Page 1 of 3

Some musings about search

Posted: Fri Aug 14, 2015 5:40 pm
by Rebel
After a search change I am (was) used to get an impression first by manually going through 40-50 positions before starting a self-play match.

And sometimes that first glimpse looked so good it was reasonable to assume the change to be an improvement. And then after playing 10,000 x 40/15s games it turned out not to be, say an 48% result as an example.

Then stubbornly I couldn't believe it (not a bad attitude in CC) and started to play the match on 40/30s and even 40/1m.

And I never have seen such a change to become an improvement after doubling or four folding the time control.

Is this a global experience?

Re: Some musings about search

Posted: Fri Aug 14, 2015 7:20 pm
by cdani
In king safety yes, and many times, but my first testing time was like 7 seconds, and the second one at 25 seconds, but always against a gauntlet.

I don't try manually, the impression is just too shallow.
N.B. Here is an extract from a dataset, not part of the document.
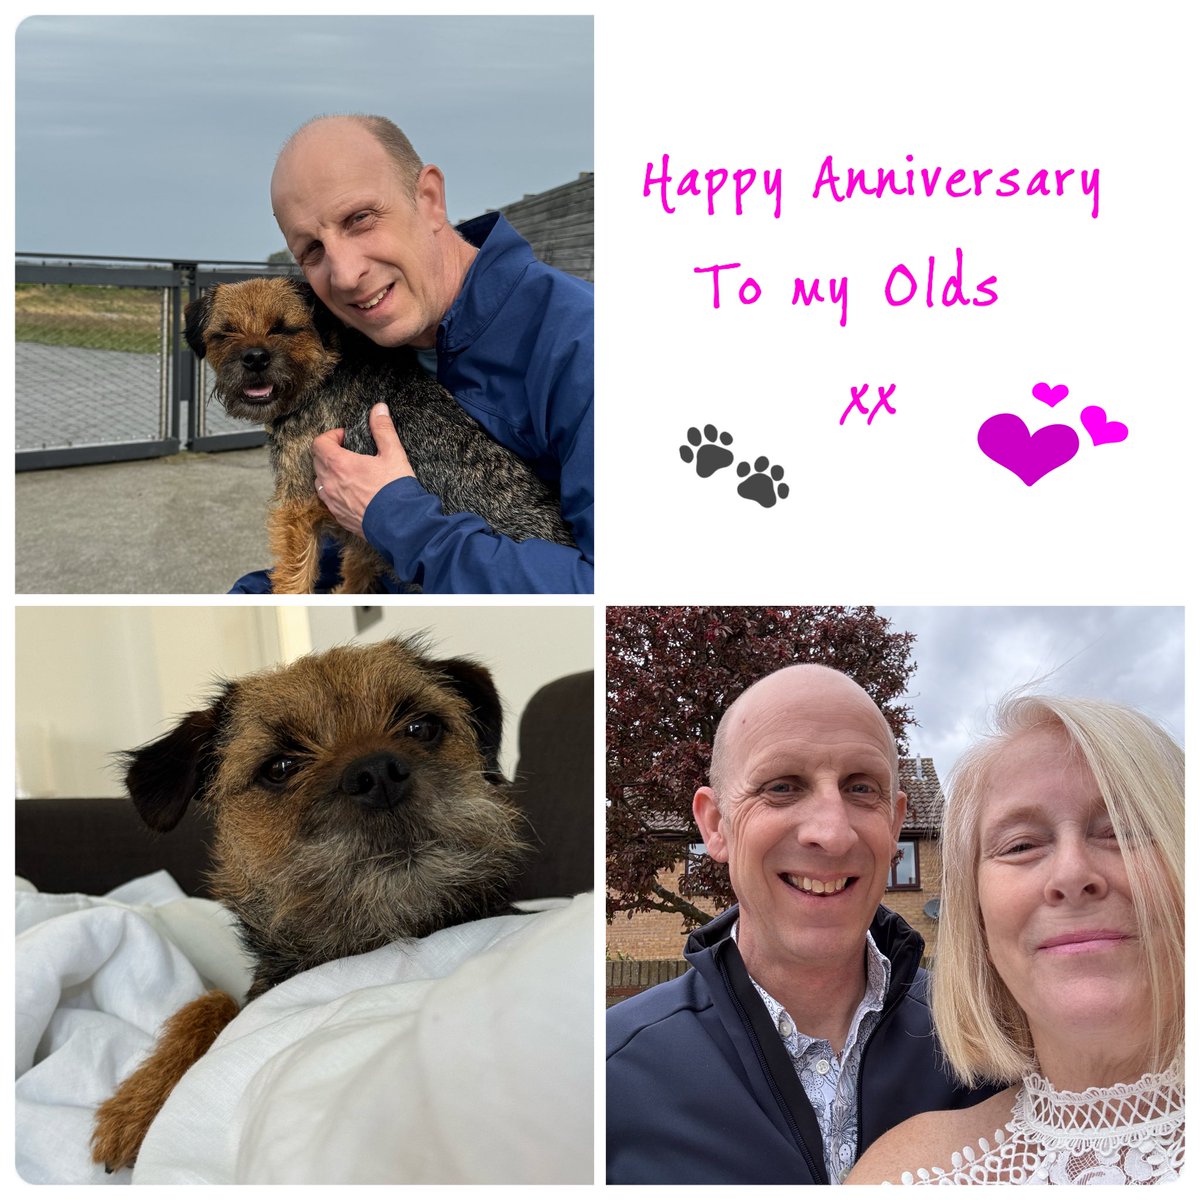 Jeees I knew they was old but 31 years married that’s like a billion dog years😉 I will do my best to make their day memorable 🤣🤣🤣 #happyanniversary #btposse 💕💕🐾🐾

If I try manually is to try to see weaknesses.

My testing time control is always like this, 4-7 seconds at first, and 25 for second.

Re: Some musings about search

Posted: Fri Aug 14, 2015 8:09 pm
by Bloodbane
I've seen some patches which were bad at short TC but good at long TC, but I only accept patches which are good at all time controls I use.

Re: Some musings about search

Posted: Fri Aug 14, 2015 9:02 pm
by Ferdy
Rebel wrote:After a search change I am (was) used to get an impression first by manually going through 40-50 positions before starting a self-play match.

And sometimes that first glimpse looked so good it was reasonable to assume the change to be an improvement. And then after playing 10,000 x 40/15s games it turned out not to be, say an 48% result as an example.

Then stubbornly I couldn't believe it (not a bad attitude in CC) and started to play the match on 40/30s and even 40/1m.

And I never have seen such a change to become an improvement after doubling or four folding the time control.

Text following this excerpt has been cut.